- _Collected material_:

━━━━━━━━━━━━━━━━━━━━

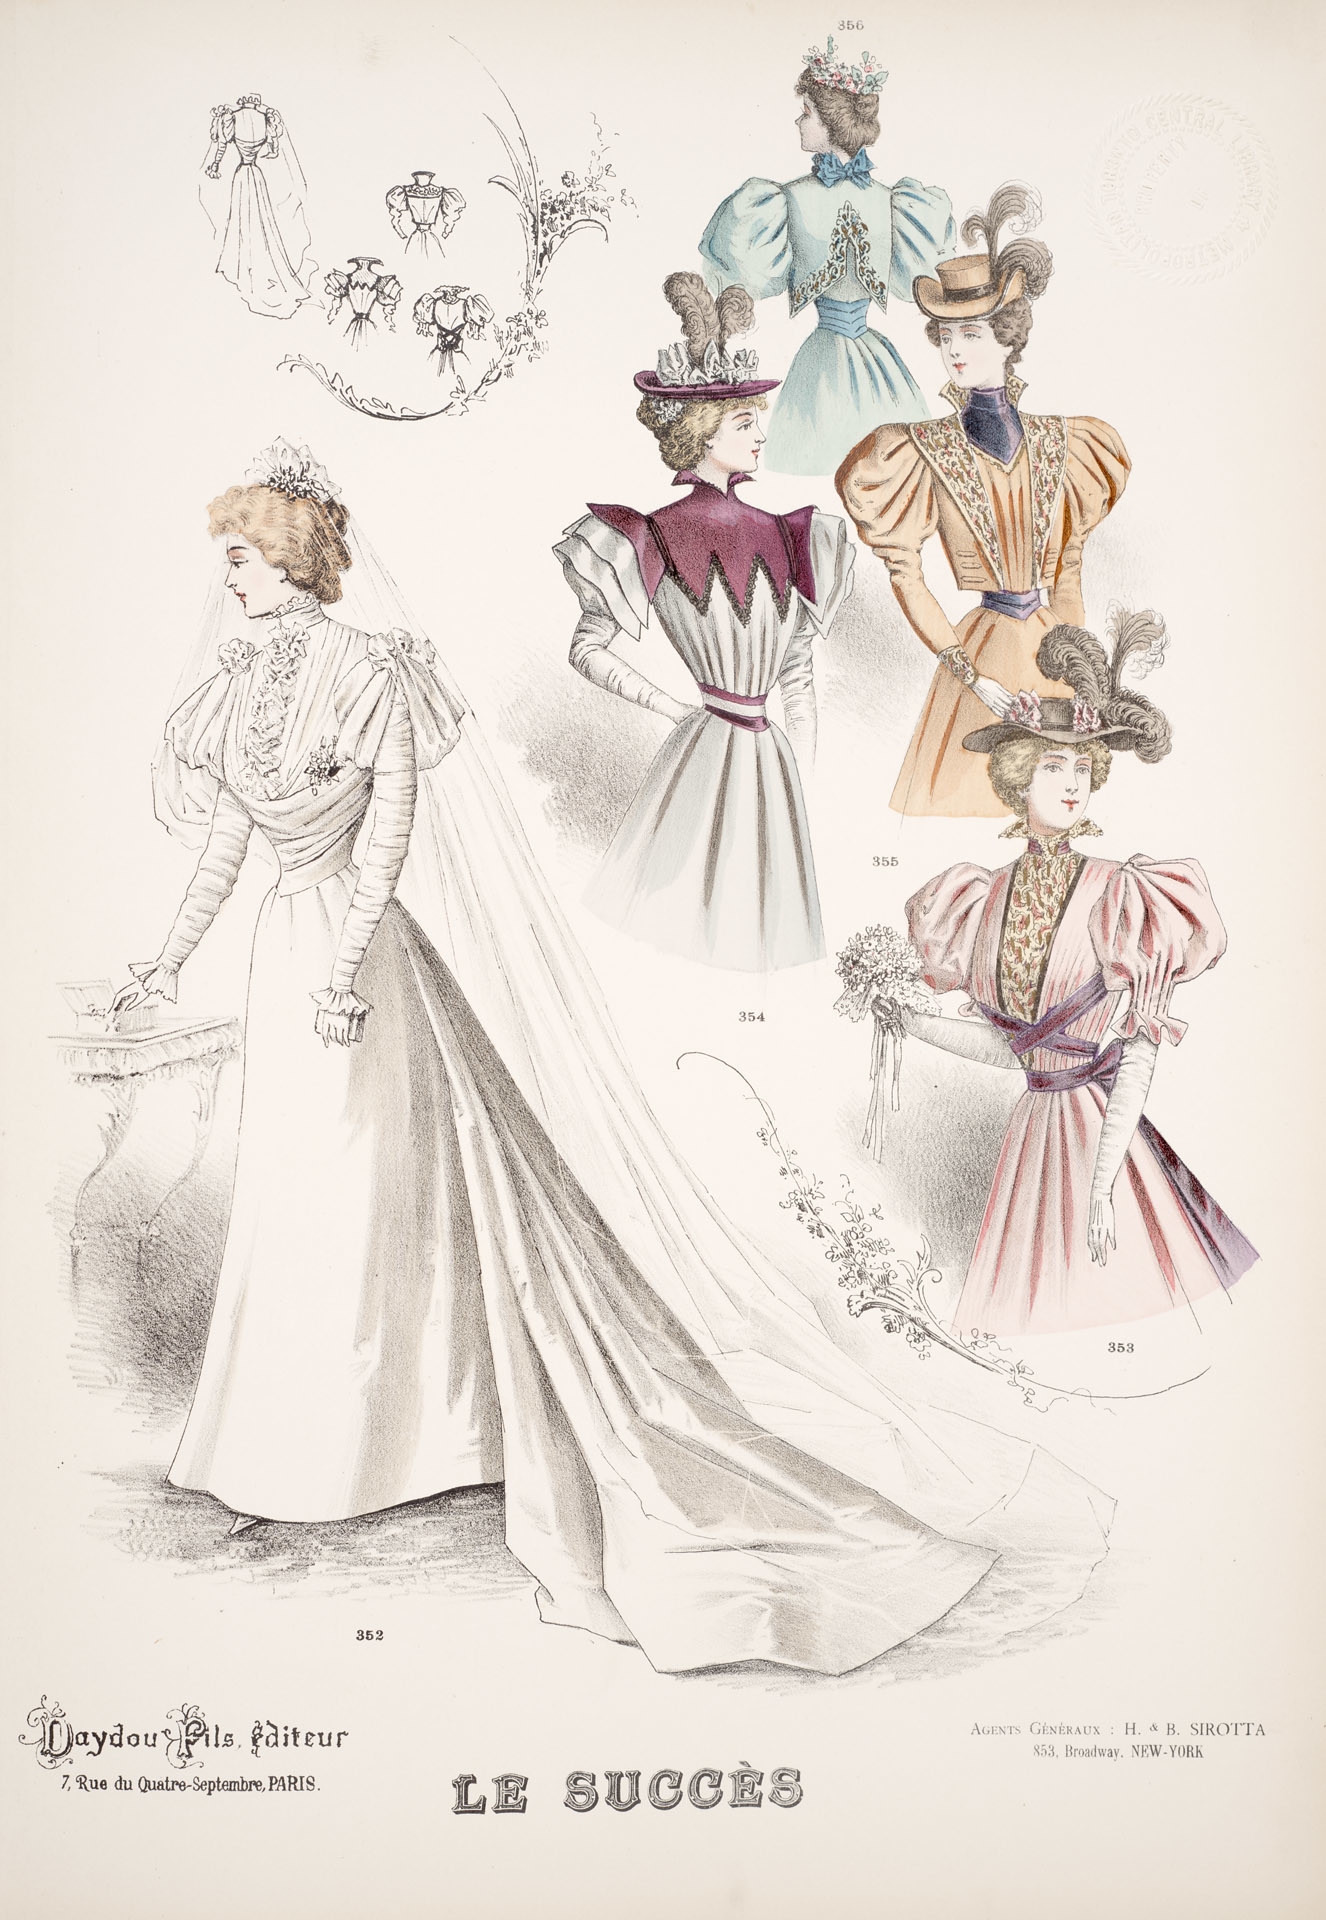 Daydou Fils, Paris. A Collection of Fashion Plates of the Late 1890s. ca 1890
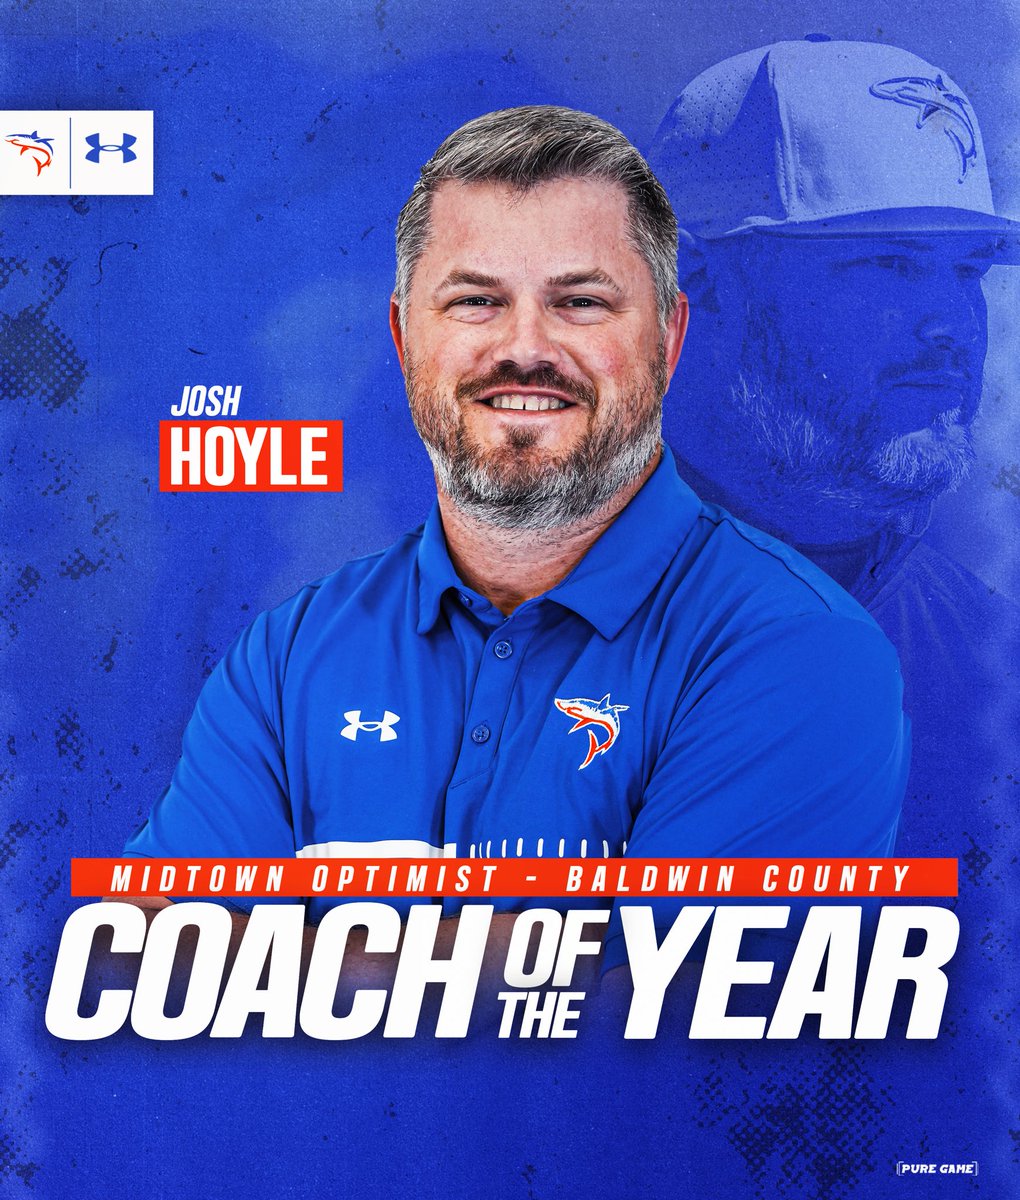 Congrats to @CoachJoshHoyle Excited to see what the future holds for OB Baseball!
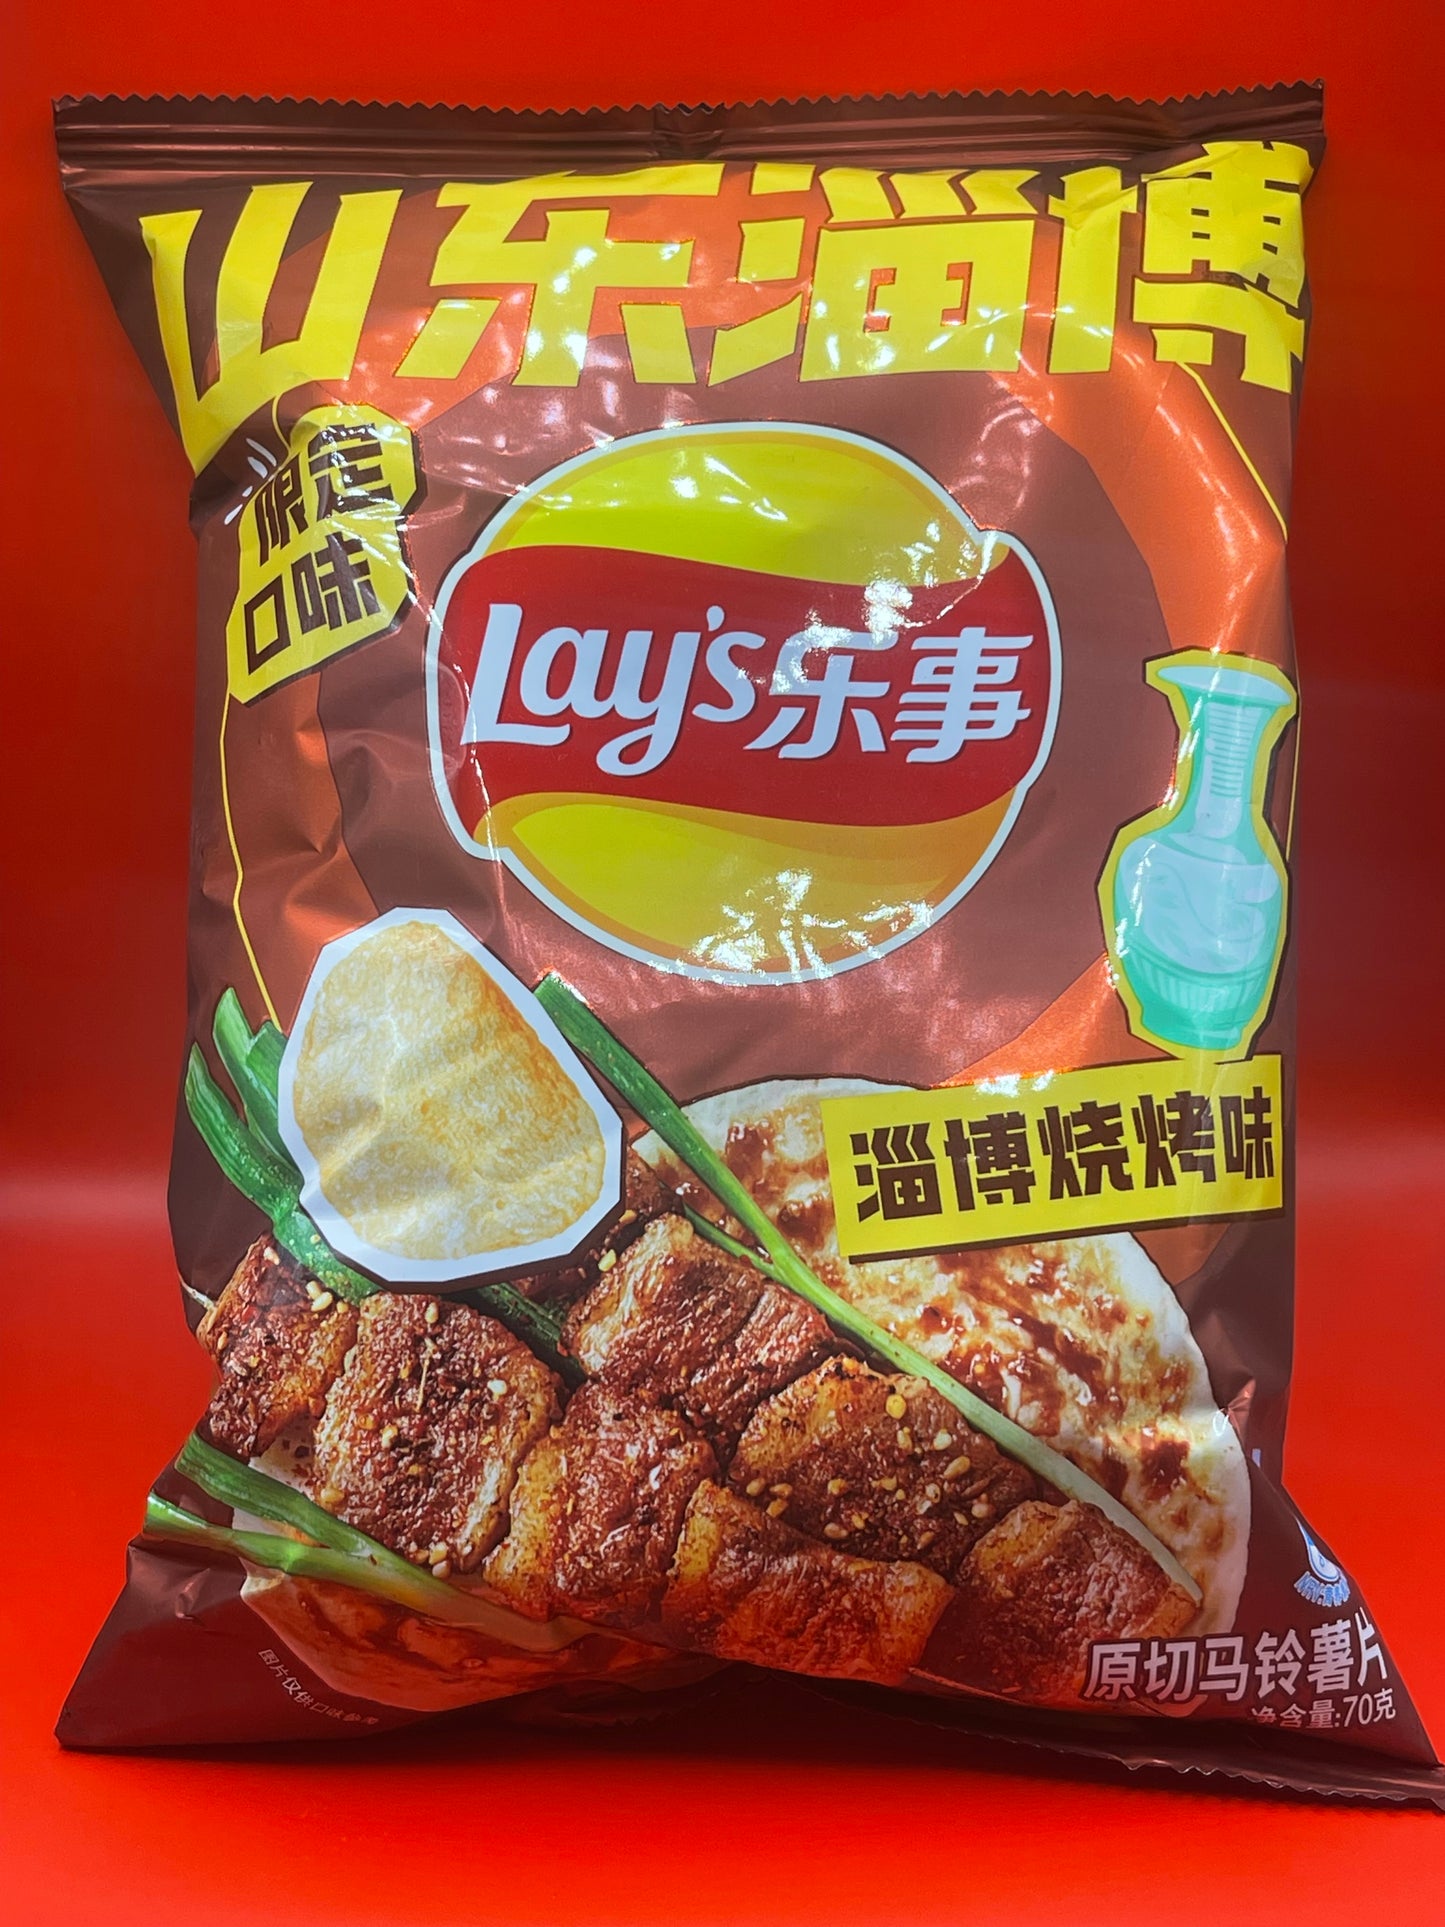 Lay's Chips LIMITED EDITION BBQ Chicken Flavor (China)

━━━━━━━━━━━━━━━━━━━━

- _Task prompt_: The answer should be an exact copy of the material, with its pictures removed.

- _Response to the exercise_:
 Daydou Fils, Paris. A Collection of Fashion Plates of the Late 1890s. ca 1890
 Congrats to @CoachJoshHoyle Excited to see what the future holds for OB Baseball!
 Lay's Chips LIMITED EDITION BBQ Chicken Flavor (China)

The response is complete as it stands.